Sometimes this writing stuff is serious business. And sometimes, it’s finally realizing that yes, there is a difference between “emoji” vs. “emoticon.” One of these words somehow even feels a bit “old school” already. Weird, huh?
Is this a writing rule that your past grammar teachers would have been strict about? Probably not. Depending on your age, these words might not have even existed when you had grammar teachers, but with Y2K as my witness, it’s time to get this right.
- An “emoji” is a pictorial image or icon largely used in electronic communications to represent a feeling or to convey an idea in a way other than words, (e.g., 😍 or 📚).
- “An emoticon” is an image, frequently some version of a face, built out of the standard characters available on your keyboard, (e.g., ; ) or : – D ).

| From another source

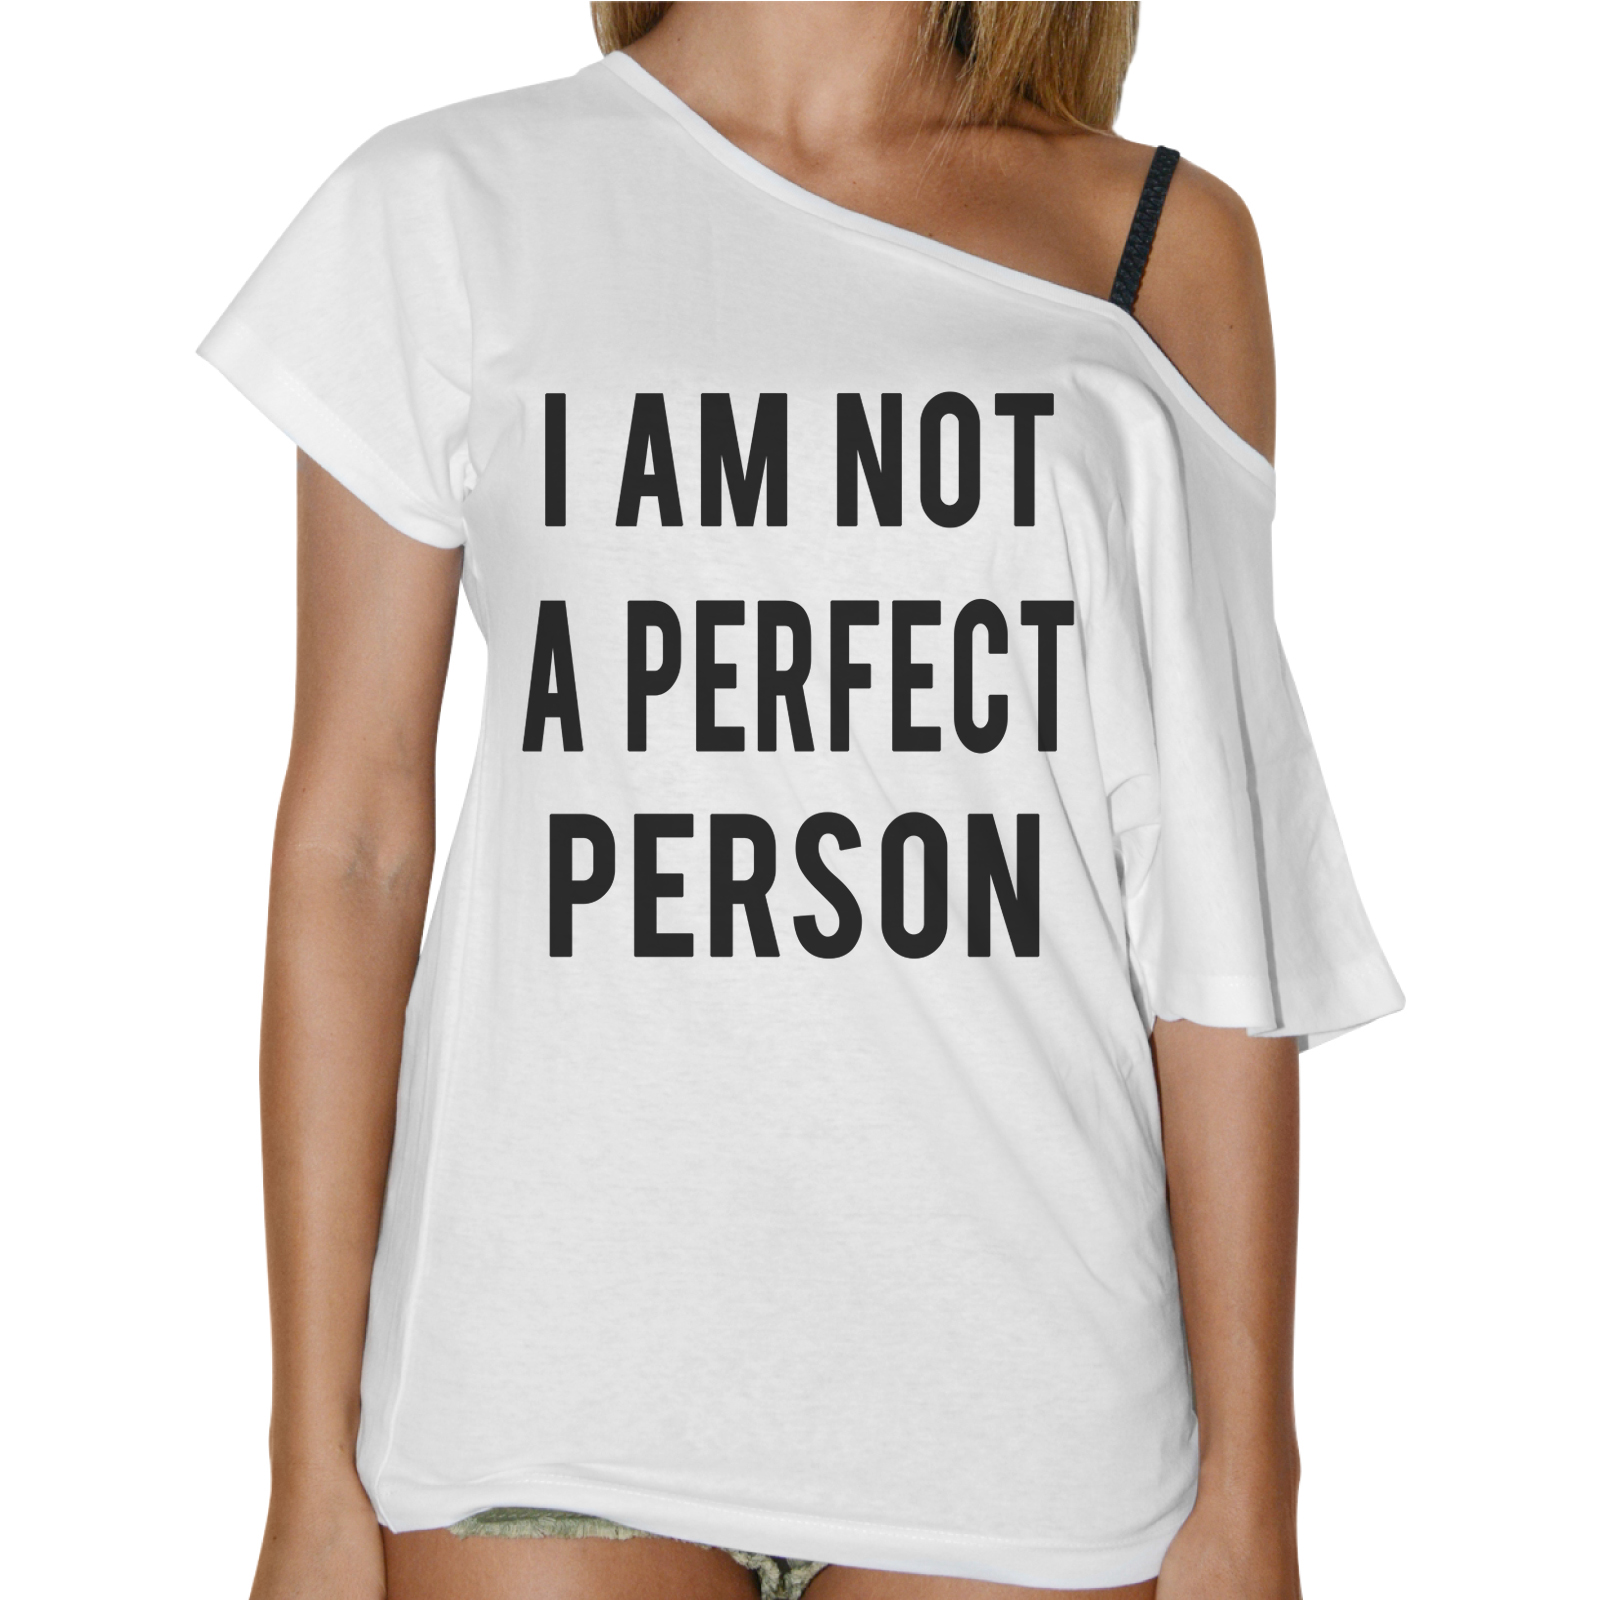 T-Shirt Donna Collo Barca NOT PERFECT 1

There’s a level of playfulness and informality with both emoji and emoticons, so please–important writing tip, folks!—don’t insert either emojis or emoticons into your academic essays or your business resumes. Does this need to be said? Yep, I’ve seen them both places. Please stop that. Seriously. You’re just not helping your own cause. When it comes to emails, there’s a time and a place, sure, but do practice knowing the difference.
Unsurprisingly, these are both modern words. “Emoticon” came into the English language first, a combination of “emotion” and “icon” that was first recorded in 1987. “Emoji” came directly from Japanese, with the “e” sound meaning “picture or drawing” and “moji” meaning “letter” or “character.” Emoji came to English in 1997.
Does your usage of “emoticon” accidentally mark you as not quite with the times? Perhaps. Just know there’s a difference between the two. It’s as simple as this:
Can you see the semicolon in the winky face or not?
Positive (emoticon) or negative (emoji), you have your answer. As for what to do with semicolons beyond winky faces, well… I’ve got a resource for you for that too.
Happy writing, everyone–no matter what form that might take for you!